··· Data for review

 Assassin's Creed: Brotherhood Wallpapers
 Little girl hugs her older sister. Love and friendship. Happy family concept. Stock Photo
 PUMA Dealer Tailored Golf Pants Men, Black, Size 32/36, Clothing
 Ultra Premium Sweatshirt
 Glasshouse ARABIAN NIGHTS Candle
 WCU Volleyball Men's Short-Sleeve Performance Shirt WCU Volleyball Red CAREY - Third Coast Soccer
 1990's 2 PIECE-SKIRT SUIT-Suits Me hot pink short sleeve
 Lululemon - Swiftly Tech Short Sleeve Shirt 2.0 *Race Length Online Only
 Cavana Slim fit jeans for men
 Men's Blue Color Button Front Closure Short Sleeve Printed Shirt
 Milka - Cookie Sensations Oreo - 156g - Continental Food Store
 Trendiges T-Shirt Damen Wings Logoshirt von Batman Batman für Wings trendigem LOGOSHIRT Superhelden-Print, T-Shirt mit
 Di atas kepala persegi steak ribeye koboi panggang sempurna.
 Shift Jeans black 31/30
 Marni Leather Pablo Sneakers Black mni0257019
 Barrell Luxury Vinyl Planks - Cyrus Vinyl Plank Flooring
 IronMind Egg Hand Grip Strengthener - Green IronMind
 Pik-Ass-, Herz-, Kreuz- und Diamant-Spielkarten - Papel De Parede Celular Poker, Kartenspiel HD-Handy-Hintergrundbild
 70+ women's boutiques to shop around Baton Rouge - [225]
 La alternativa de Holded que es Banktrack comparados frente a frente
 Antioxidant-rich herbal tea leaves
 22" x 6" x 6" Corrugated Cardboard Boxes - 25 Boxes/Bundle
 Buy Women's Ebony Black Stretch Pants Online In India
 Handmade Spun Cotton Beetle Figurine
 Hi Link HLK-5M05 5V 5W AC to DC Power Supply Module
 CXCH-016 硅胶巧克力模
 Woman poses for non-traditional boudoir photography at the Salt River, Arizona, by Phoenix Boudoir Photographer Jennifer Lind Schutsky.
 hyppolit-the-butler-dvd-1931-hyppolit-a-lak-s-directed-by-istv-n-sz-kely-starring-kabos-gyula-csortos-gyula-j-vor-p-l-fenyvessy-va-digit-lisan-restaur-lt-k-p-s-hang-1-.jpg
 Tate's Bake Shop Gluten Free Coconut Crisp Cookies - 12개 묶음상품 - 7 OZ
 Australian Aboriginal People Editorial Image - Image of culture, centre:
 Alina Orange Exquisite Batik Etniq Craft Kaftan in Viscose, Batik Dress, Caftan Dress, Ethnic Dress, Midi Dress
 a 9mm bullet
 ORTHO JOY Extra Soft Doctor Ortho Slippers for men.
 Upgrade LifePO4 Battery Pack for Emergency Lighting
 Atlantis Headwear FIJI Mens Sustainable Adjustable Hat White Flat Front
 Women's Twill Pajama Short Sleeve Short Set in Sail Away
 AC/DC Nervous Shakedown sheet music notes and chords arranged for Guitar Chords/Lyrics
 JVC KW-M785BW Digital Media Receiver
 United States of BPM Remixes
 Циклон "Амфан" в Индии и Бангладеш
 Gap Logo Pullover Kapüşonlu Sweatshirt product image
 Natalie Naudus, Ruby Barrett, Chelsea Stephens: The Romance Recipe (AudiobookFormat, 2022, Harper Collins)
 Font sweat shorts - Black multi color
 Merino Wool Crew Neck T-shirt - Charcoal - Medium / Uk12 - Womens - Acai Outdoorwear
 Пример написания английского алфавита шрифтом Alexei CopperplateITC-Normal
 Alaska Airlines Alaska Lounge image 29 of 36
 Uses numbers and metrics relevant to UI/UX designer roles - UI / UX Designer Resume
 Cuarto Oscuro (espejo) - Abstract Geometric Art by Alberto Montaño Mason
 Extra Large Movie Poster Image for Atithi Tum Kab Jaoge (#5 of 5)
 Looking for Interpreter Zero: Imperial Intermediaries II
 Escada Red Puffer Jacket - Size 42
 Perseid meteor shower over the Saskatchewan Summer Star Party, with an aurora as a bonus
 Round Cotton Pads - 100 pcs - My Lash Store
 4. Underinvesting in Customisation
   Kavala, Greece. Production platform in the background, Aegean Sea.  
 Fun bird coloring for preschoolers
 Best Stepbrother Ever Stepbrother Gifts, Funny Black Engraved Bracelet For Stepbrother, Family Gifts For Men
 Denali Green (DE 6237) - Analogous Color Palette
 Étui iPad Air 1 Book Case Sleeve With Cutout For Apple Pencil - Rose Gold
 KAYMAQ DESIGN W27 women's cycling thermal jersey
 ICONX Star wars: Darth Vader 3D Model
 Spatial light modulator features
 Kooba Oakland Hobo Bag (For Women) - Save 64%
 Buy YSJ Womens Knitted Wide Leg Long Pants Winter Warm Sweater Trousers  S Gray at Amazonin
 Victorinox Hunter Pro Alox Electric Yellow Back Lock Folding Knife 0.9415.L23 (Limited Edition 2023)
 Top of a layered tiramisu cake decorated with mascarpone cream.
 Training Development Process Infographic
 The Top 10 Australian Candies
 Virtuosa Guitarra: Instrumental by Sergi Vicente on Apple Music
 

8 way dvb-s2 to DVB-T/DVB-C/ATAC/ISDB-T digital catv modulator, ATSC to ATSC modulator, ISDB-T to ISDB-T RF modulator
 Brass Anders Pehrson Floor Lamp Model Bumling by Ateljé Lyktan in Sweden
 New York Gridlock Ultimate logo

······

## Exercise prompt
Look above for the line with "Ultra Premium Sweatshirt" and the line with "CXCH-016 硅胶巧克力模". Write out those two lines and all the lines between them, exactly, and no others.

## Answer box
 Ultra Premium Sweatshirt
 Glasshouse ARABIAN NIGHTS Candle
 WCU Volleyball Men's Short-Sleeve Performance Shirt WCU Volleyball Red CAREY - Third Coast Soccer
 1990's 2 PIECE-SKIRT SUIT-Suits Me hot pink short sleeve
 Lululemon - Swiftly Tech Short Sleeve Shirt 2.0 *Race Length Online Only
 Cavana Slim fit jeans for men
 Men's Blue Color Button Front Closure Short Sleeve Printed Shirt
 Milka - Cookie Sensations Oreo - 156g - Continental Food Store
 Trendiges T-Shirt Damen Wings Logoshirt von Batman Batman für Wings trendigem LOGOSHIRT Superhelden-Print, T-Shirt mit
 Di atas kepala persegi steak ribeye koboi panggang sempurna.
 Shift Jeans black 31/30
 Marni Leather Pablo Sneakers Black mni0257019
 Barrell Luxury Vinyl Planks - Cyrus Vinyl Plank Flooring
 IronMind Egg Hand Grip Strengthener - Green IronMind
 Pik-Ass-, Herz-, Kreuz- und Diamant-Spielkarten - Papel De Parede Celular Poker, Kartenspiel HD-Handy-Hintergrundbild
 70+ women's boutiques to shop around Baton Rouge - [225]
 La alternativa de Holded que es Banktrack comparados frente a frente
 Antioxidant-rich herbal tea leaves
 22" x 6" x 6" Corrugated Cardboard Boxes - 25 Boxes/Bundle
 Buy Women's Ebony Black Stretch Pants Online In India
 Handmade Spun Cotton Beetle Figurine
 Hi Link HLK-5M05 5V 5W AC to DC Power Supply Module
 CXCH-016 硅胶巧克力模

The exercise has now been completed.